TIPPS: And, as you tried to attend many DNC events, correct?

FOWLER: Lots of them. Yes.

(LAUGHTER)

TIPPS: Lots of them. And this was an event that was put on by the DNC -- arranged by the DNC. And I believe you spoke and the vice president spoke and the master of the temple spoke -- is that accurate?

FOWLER: That's correct.

TIPPS: Alright, sir. And there's been lots of -- I don't know how to phrase it, but there's been lots of what I would call tortured descriptions or definitions of what this event was or was not, but I was looking back to your testimony last night, and I have to say it was a bit of a breath of fresh air because in your testimony you talk of concerns that you had about the event -- which were eventually allayed -- and you're asked a question about those concerns.
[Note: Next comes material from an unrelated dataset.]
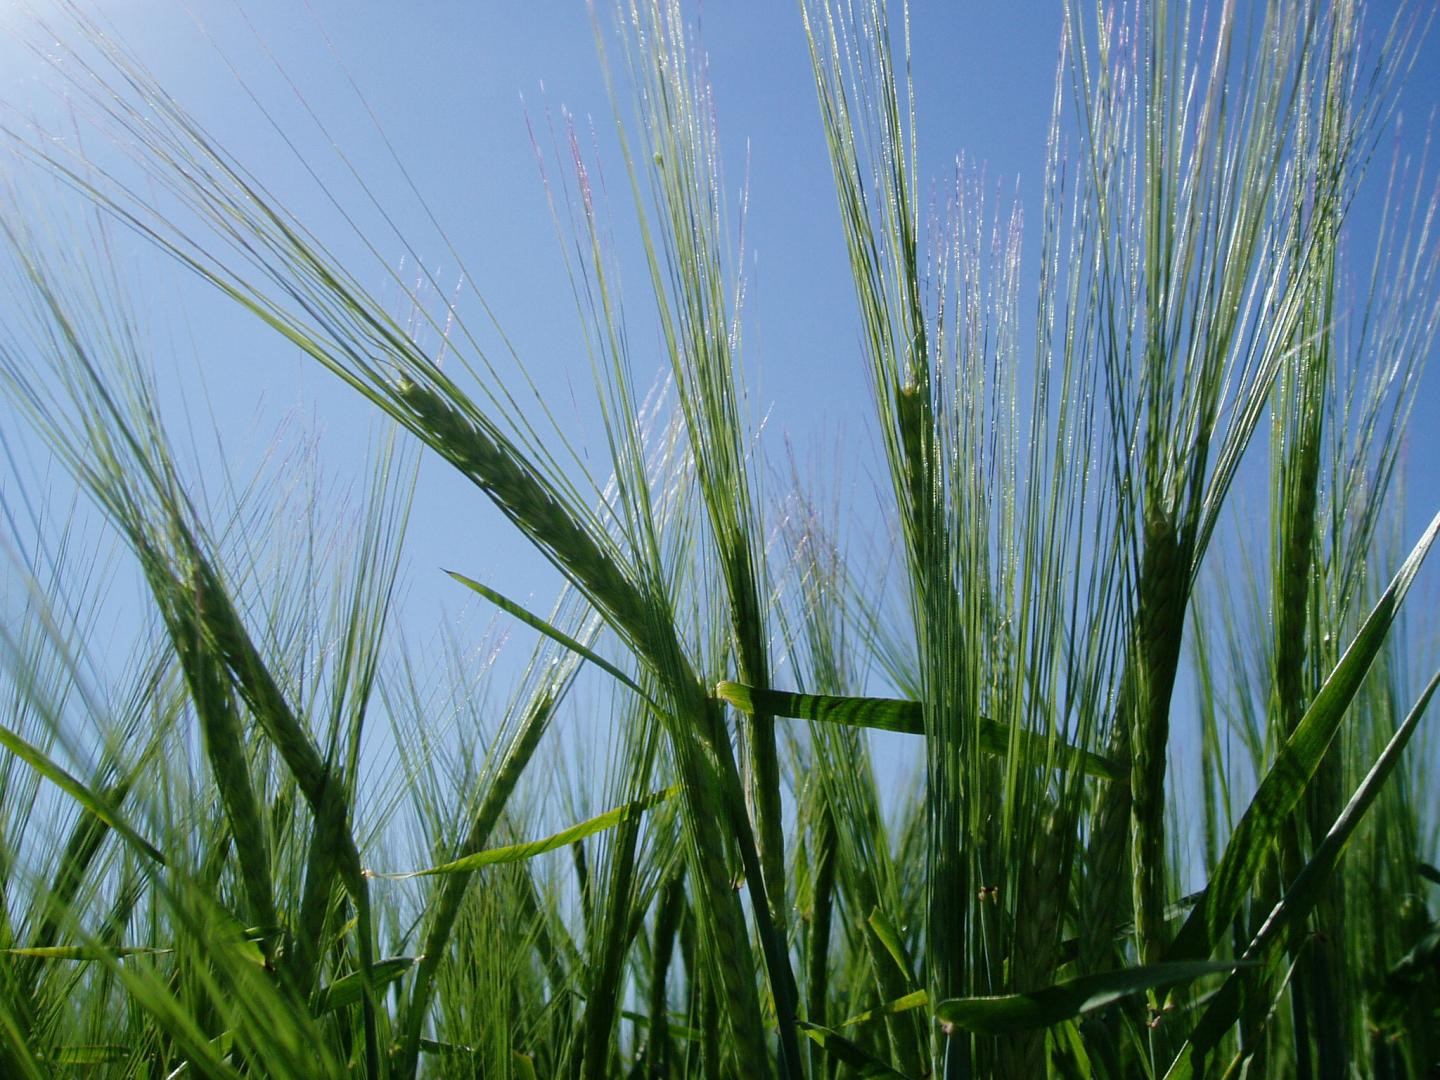 Barley mutant in the field

And in the answer to your question, which I'm going to read in a second, you don't call it a finance-related event or a fundraising related event or a quasi fundraiser, an almost fundraiser.

TIPPS: This is what you say on page 278, line 15. You're asked this question about the Hsi Lai Temple event:

"And what was the nature of your concerns?"

Answer: "Well, the nature of the concern was that having a fundraiser in a place of worship, just the appropriateness of it."

And you continue, "I'm going to have to say that I didn't focus on the legality question because it just didn't come up in my mind."

That was your testimony back last May, and you were telling the truth when you gave that answer, weren't you, Mr. Fowler?

FOWLER: Yes.

TIPPS: That's all I have, Mr. Chairman.

FOWLER: Mr. Tipps, Mr. Chairman, I would like an opportunity to comment on that event generally, if I may.

TIPPS: Certainly.

THOMPSON: You prefer to do that now? I'm sure you're going to have an opportunity to comment on it several times before the day is over.

FOWLER: I want to do it now, if I could, sir.

THOMPSON: All right. Go right ahead.

FOWLER: I want to be as accurate about this event as I can be. From the very first time I was asked about it, I indicated that I knew that it was -- that it had a fundraising aspect to it, that it was, in essence a fundraising event.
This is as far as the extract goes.